Exercise data START

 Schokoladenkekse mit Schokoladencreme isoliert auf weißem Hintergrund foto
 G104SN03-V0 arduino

Exercise data END
Exercise data START

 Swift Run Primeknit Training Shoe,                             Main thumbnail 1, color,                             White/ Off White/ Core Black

Exercise data END

▶ **What to work on**:
Referring to the material above, set down exactly the lines between the line with "Schokoladenkekse mit Schokoladencreme" and the line with "G104SN03-V0 arduino", inclusive, and no other lines.

▶ **Answer to this exercise**:
 Schokoladenkekse mit Schokoladencreme isoliert auf weißem Hintergrund foto
 G104SN03-V0 arduino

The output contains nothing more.